Mon collègue Kiwi, Edgar, qui
tient
le blog La lettre volée, a déniché une tribune de Paul
Krugman, prix Nobel d’économie 2008 (plus précisément, du prix
en mémoire d’Alfred Nobel). Une volée de bois vert pour les
dirigeants de l’Europe, gouvernements et BCE inclus.
Le constat du prix Nobel
d’économie
La critique d’un économiste américain à l’égard des dirigeants
européens paraîtra forcément suspecte aux yeux de beaucoup. Mais
Paul Krugman n’est pas un Américain comme les autres. Il passe
pour un dangereux gauchiste pour le parti républicain, voir
auprès de l’aile droite du parti démocrate. Il faut dire que
dans son dernier livre « L’Amérique que nous voulons », il prend
en exemple le système de santé Français, des propos à la limite
du communisme pour certains Américains…
La critique de Paul Krugman est extrêmement sévère. S’il
reconnaît que le système de protection sociale plus protecteur
permet d’amortir la crise, il dénonce « l’échec du continent à
répondre efficacement à la crise financière », « tant d’un point
de vue fiscal que monétaire ». il soutient que
l’Europe « affronte une crise aussi sévère que les Etats-Unis
mais qu’elle fait beaucoup moins pour combattre la récession ».

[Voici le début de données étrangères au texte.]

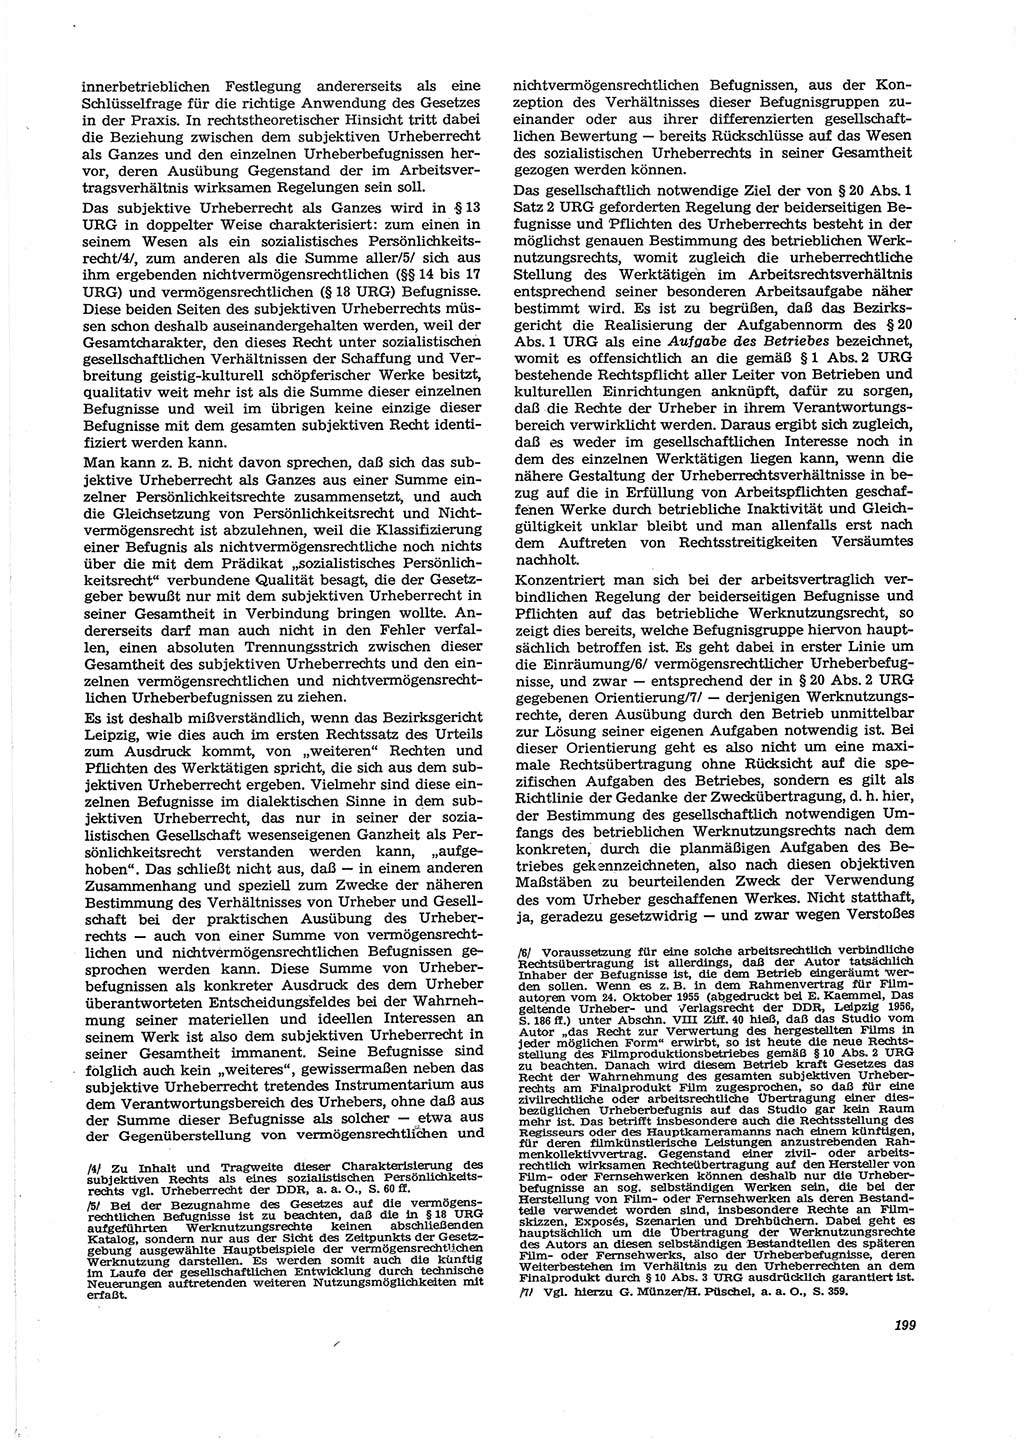 Neue Justiz (NJ), Zeitschrift für Recht und Rechtswissenschaft [Deutsche Demokratische Republik (DDR)], 29. Jahrgang 1975, Seite 199 (NJ DDR 1975, S. 199)
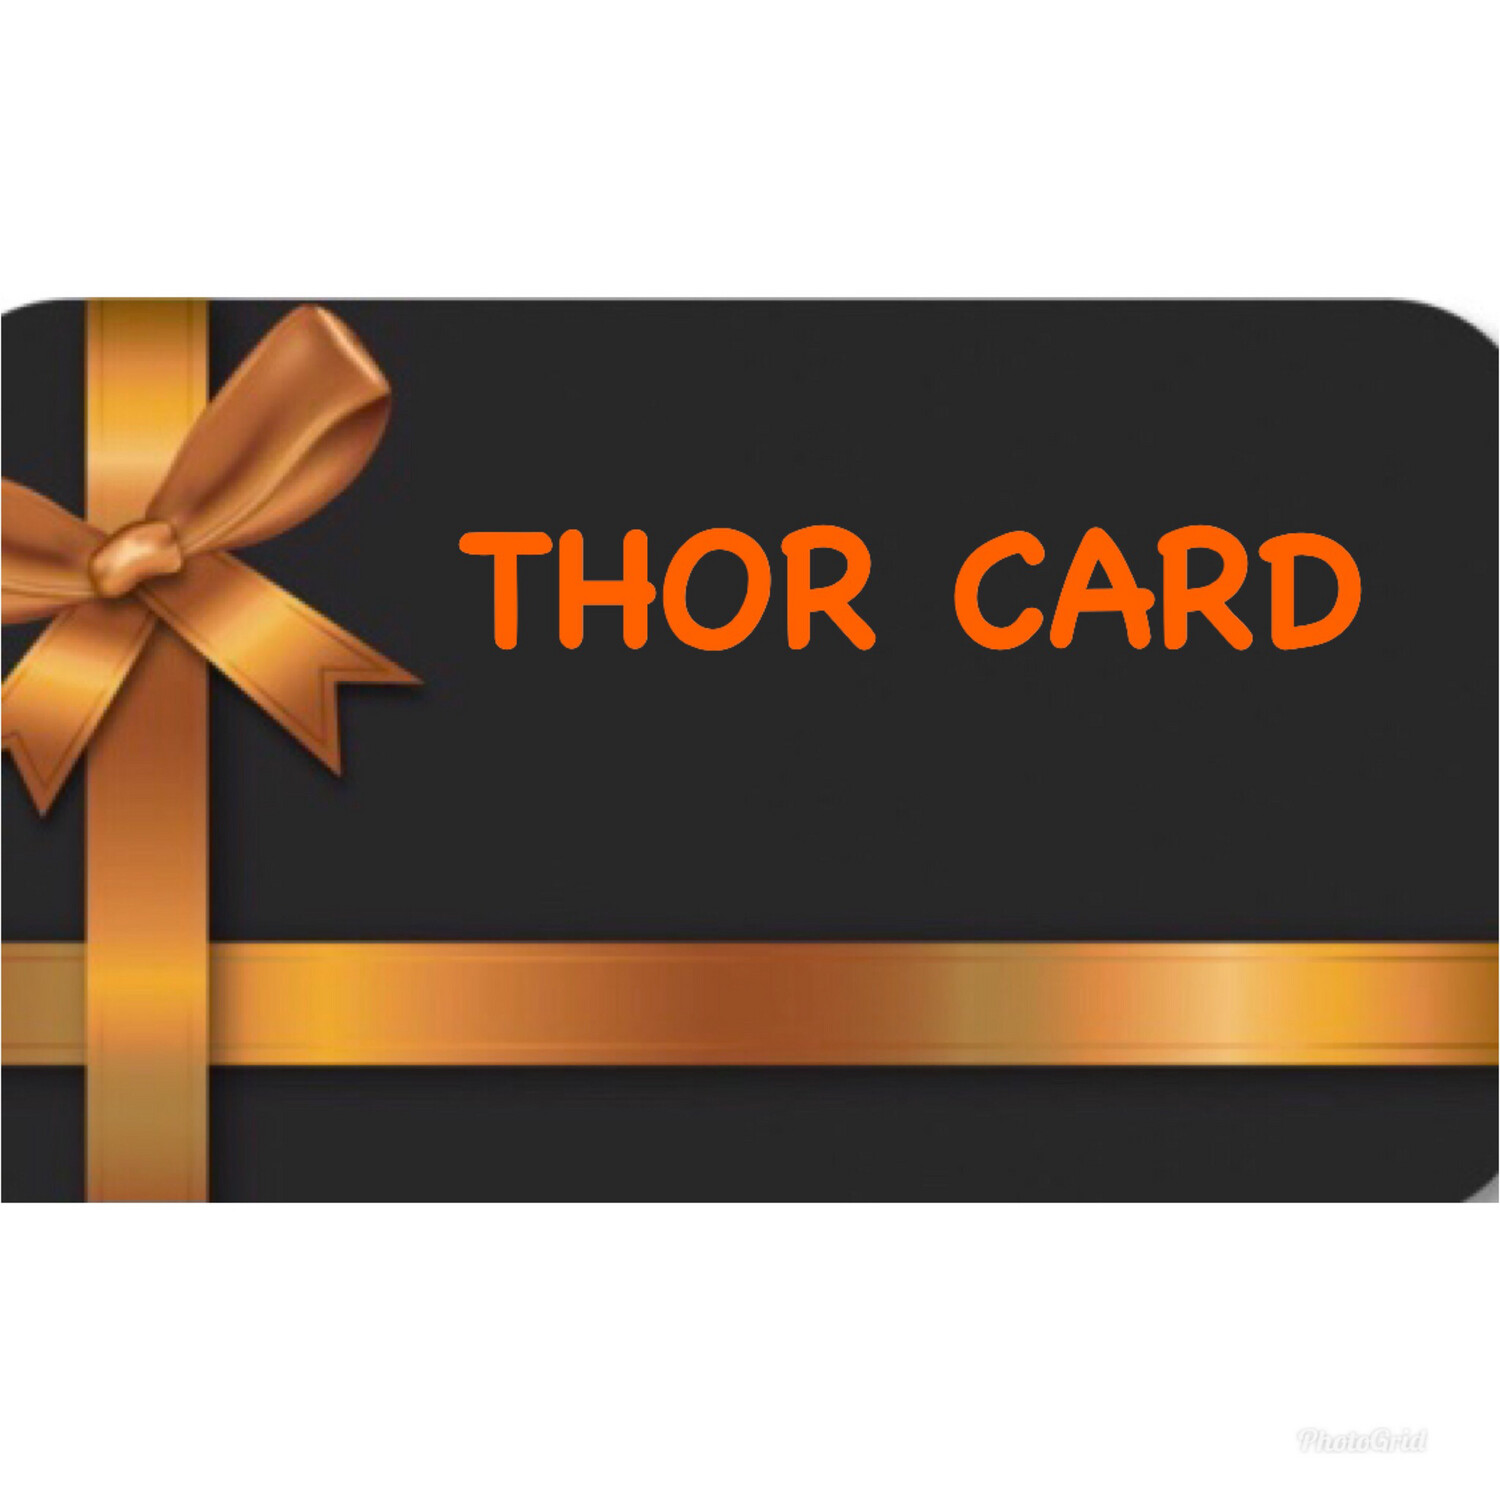 Thor Card, carta digitale che si puo' regalare come gift card selezionando l'importo desiderato

Il attaque la BCE, « lente à baisser les taux » au contraire de
la Fed.
Coïncidence amusante, la banque centrale Américaine a annoncé
hier un renforcement de son soutien à l’économie. Si elle ne
peut plus baisser ses taux d’intérêt, qui sont quasiment à zéro,
elle agit fortement sur les marchés. Elle a donc annoncé un
programme de rachat de 300 milliards de dollars de bons du
Trésor pour faciliter le financement de l’Etat fédéral et
pousser les taux longs à la baisse. Enfin, elle va racheter
jusqu’à 1250 milliards de titres adossés à des actifs
immobiliers pour fluidifier ce marché.
Pourquoi l’Europe n’est
pas à la hauteur
Son analyse des raisons de la timidité européenne est
particulièrement intéressante. Il dénonce les banquiers centraux
« qui n’ont pas du tout pris la mesure de la profondeur de la
crise » et attaque violemment le ministre des finances Allemand
dont il compare « les diatribes d’ignorant » à celles des
républicains, ce qui n’est pas peu dire pour lui. Paul Krugman
soutient que le problème de l’Europe est le décalage entre une
intégration économique très poussée et l’intégration politique.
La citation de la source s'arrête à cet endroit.